А для Жени? Музыка Вани? Нет, она бы так не сказала. Ваня сам – воплощенная музыка. А музыка – это и храм, и мастерская, и битва, и любовь, и наслаждение, и гармония. Густая, как мёд, сильная, как ветер, буйная, как штормовая волна.
Бывают счастливые, удачные дни, когда в метро тебя окружают красивые люди, когда по телефону все приветливы, когда на пути попадаются как раз те, с кем давно надо встретиться.
А бывают дни, когда всё против тебя. И давление скачет, и врачи раздражены, и суп противный.
Ваня устал, сник. Открылась язва желудка, его лечили тяжелыми препаратами. Он оживлялся, лишь когда приходила Женя, кормила его, заботилась.
– Тебя будут настигать тяжелые депрессии после инсульта…
– Да? Когда ты рядом, у меня нет никакой депрессии… Посмотри, какие несчастные берёзы! Чёрные, закопчённые. За городом они другие.
Ей шли сообщения на телефон, что нужно забрать заказанные книги из пункта самовывоза. Вечером она добралась до Тверского бульвара и поразилась, увидев деревья в мелких, светящихся синим огнях. Как будто она высадилась на далёкой, волшебной планете… Неужели она останется жить, а его не будет?! Она была словно ветка, привитая к могучему дереву, что ж, на ней были особые, свои яблочки, но погибни дерево, она не выживет – это ясно.
«Неужели мы никогда больше не пройдем вместе по этой улице?»
Они прогуливались уже третий раз – вокруг морга.
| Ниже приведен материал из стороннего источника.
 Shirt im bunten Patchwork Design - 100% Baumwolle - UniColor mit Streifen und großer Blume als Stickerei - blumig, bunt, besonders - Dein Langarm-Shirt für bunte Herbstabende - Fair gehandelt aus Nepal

Стрелки «Траурный зал» соседствовали с указателями на МРТ.
Женя рассказывала про первую ночь, проведённую в реанимации, он ничего этого не помнил, удивлялся.
«Это от лекарств», – объясняла Женя.
Дело, худо-бедно, шло к выписке.
Ваня расстроился: «Как я буду без тебя жить?»
– Не привыкать, – жестко рубила она. – Считать за сон.
Вот магазин «Белорусские товары», вот кафешка с домашними половиками, где она однажды глотала кофе пополам со слезами, вот киоск «Избёнка», где брала черничный сок и термостатный кефир… Вот аптека, где она покупала настойку шиповника для укрепления иммунитета.
Утром она проснулась и, лёжа в постели, стала обдумывать: что же это было и есть, это чувство в её жизни и в жизни вообще? Часто ли оно встречается? Могла ли она вспомнить что-то подобное? Допустим, в искусстве? Где? У кого? И в чём суть «задания» её жизни?
У неё закружилась голова. Она потом ещё выпила крепкий кофе, и у неё даже затряслись поджилки – от волнения и напряжения. Но потом она успокоилась, стала вспоминать их вчерашнюю встречу, разговоры. Что же это было и есть? Любовь? Ну да, конечно, любовь. Но как бы глубоко и прекрасно не было это слово, оно всё-таки не описывало всего того, что чувствовала она к нему и, что уверенна, чувствовал он к ней.